Obama hosts ‘beer summit’
Black professor, white cop meet at the White House
WASHINGTON – A national furor over race relations paused Thursday as President Barack Obama, in a shady spot on the White House lawn near the Rose Garden, sat down for beers with a black Harvard professor and the white police officer who arrested him two weeks ago.
For the two men who raised mugs of beer with the president, both dressed in suits and sitting stiffly in what was meant to be a casual moment, the discussion of race and policing will go on.
The arresting officer, Sgt. James Crowley of the Cambridge, Mass., police, said afterward that he and the professor, African-American studies scholar Henry Louis Gates Jr., had set plans to talk further in a more private setting.

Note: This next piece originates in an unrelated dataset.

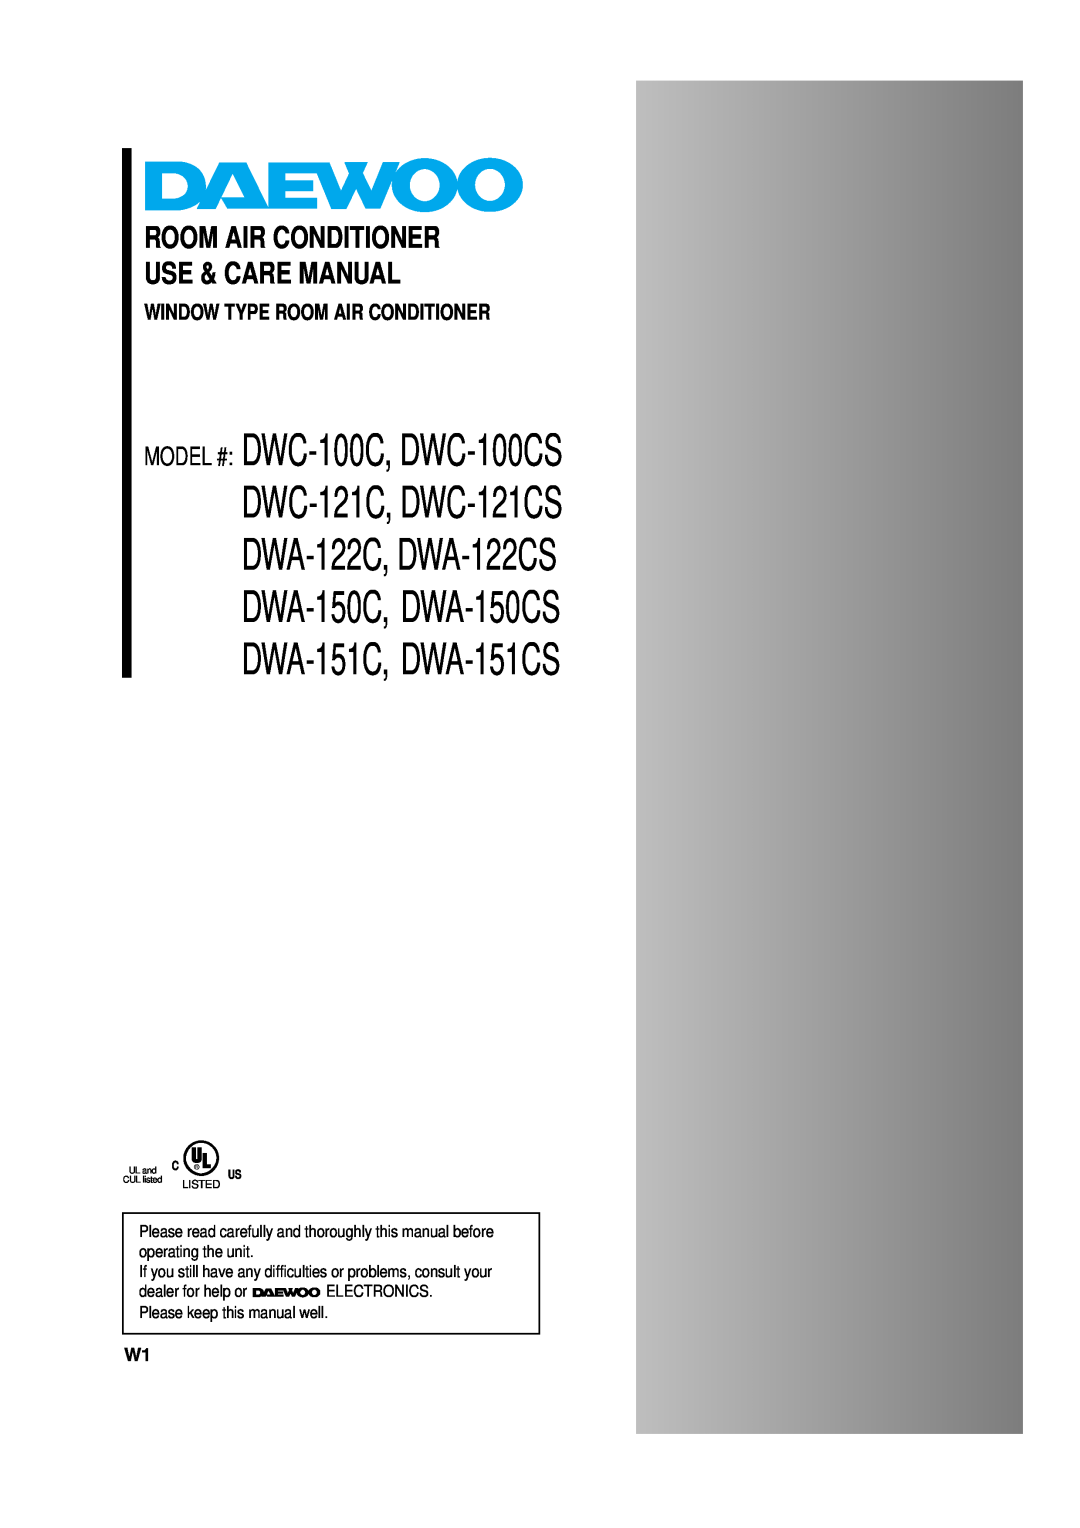 Daewoo DWC-100CS, DWC-121CS, DWA-150CS, DWA-151C Window Type Room Air Conditioner, Room Air Conditioner Use & Care Manual 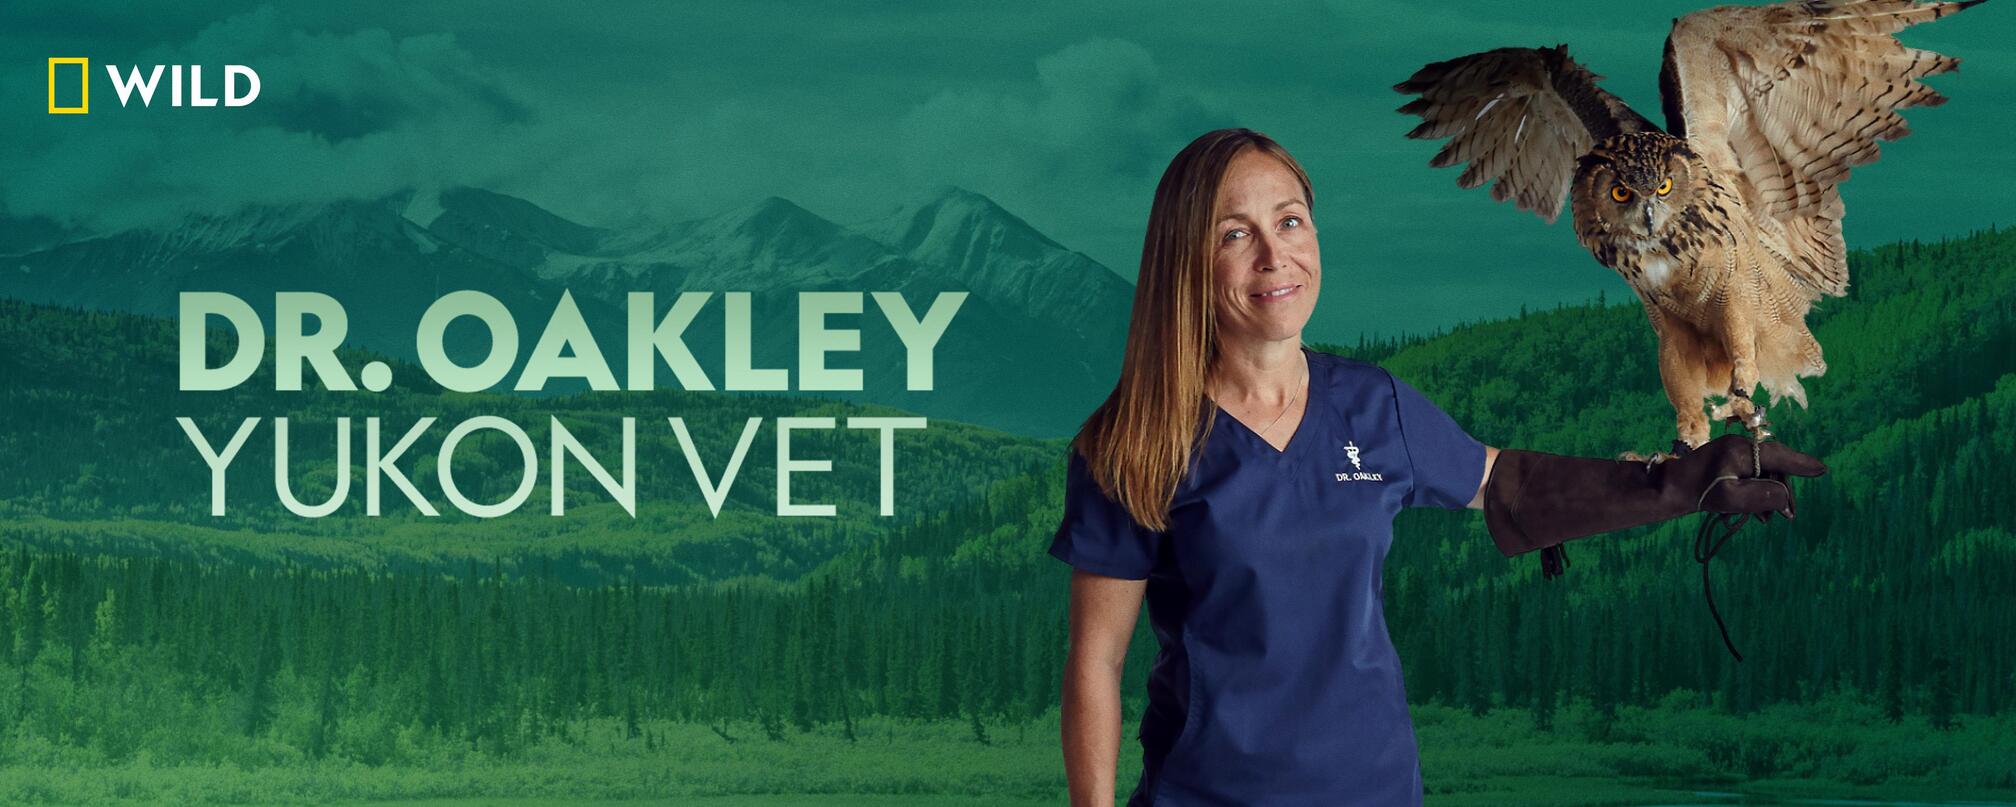 About Dr. Oakley, Yukon Vet TV Show Series

But for Obama, the most anticipated happy hour in recent memory threatened to be little more than a timeout in an ongoing debate over racial profiling and other racially charged issues. Obama had uncharacteristically helped to escalate the national debate by wading into the issue from the White House, saying that the Cambridge police had “acted stupidly” in arresting the black professor on disorderly conduct charges at his own home.
It was the most overt involvement yet by the country’s first black president in a racially charged matter, and Obama has tried gradually over the past week to ease the controversy – most notably by saying he regretted his choice of words and setting up what came to be known as a “beer summit.”
A small group of cameras and reporters was permitted to witness the meeting only for about 30 seconds and from about 50 feet away. If there was a lesson being taught, there was no way for the nation to hear it.
Gates and Crowley appeared to talk seriously, and at one point Obama gave a hearty laugh. Joining the three was Vice President Joe Biden, in shirtsleeves and drinking a non-alcoholic beer.